Michael Vlasopoulos, Greek Architect at Harvard recently published on Abitare a very interesting (sci)-fictitious Manifesto for Tokyo’s Nakagin Capsule Tower designed by Kisho Kurokawa and built in 1972. His narrator speaks at the first person and develops an ambiguous praise of his life conditions since he moved in one of the tower’s capsule.
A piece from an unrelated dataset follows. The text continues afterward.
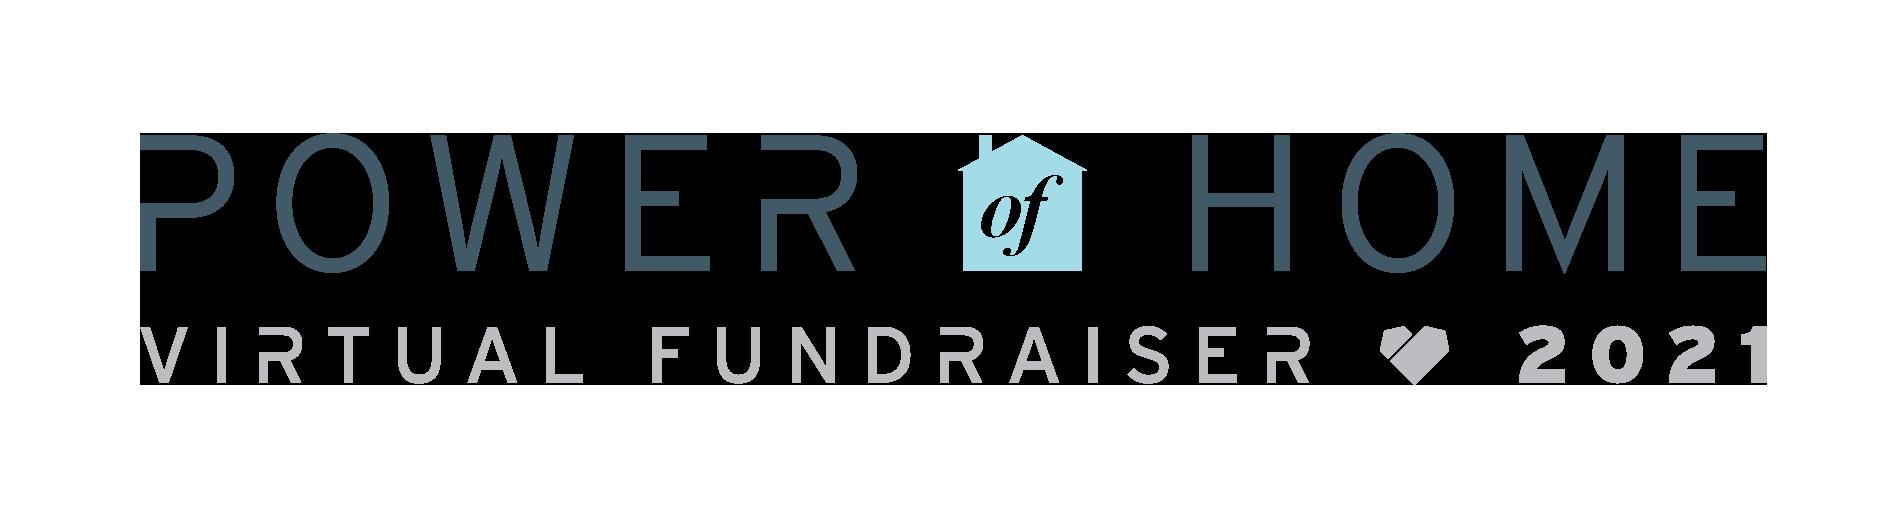 Power of Home Virtual Fundraiser 2021

I copy the text here, but it could be read directly on Abitare associated with beautiful decontextualized photos of the cells (by M.Vlasopoulos himself maybe ?) and a ton of hyperlinks:
DAY ZERO I never forget the day I bought my capsule. The money could buy me a Toyota car but, instead of a breeze on the face, in a seat of a sports-car, I decided to claim a stagnant volume of air as my own. I left behind my movable furniture, along with my family’s history ingrained in them. Everything had to fit inside two suitcases; this is the maximum volume of stuff my capsule can handle. Unencumbered by the weight of old lifestyles, I engage in a new one. SLEEP The ascetic kernel of my new home gives me the perfect excuse to live my city as lavishly as I always wanted -with clear conscience. I can now flow freely in the generic space of consumption of the urban outside, having already reserved a point of return. As long as the city sustains my eccentricities, my desires, my food habits and my plastic impulses, my house constitutes a purgatory for my sleep. Sleep has become a secular version of confession, an act of neurological purification of memory in a mass consumption culture. Oblong, because it is designed for the horizontal of the lying body, the capsule is endowed with a white plastic rigidity. During the unconscious faze of sleep, the bed is the only tool we keep wrapped around or attached to our dormant bodies. It can always be seen as a cave, a suit or a cryogenic shelter for the sleeping body. It is the only stasis a nomad can afford. Inside the capsule I become whole again, another complete cyborg; it’s the same kind of disciplined comfort that I find in my suit and tie. Outside, I’m another nude animal.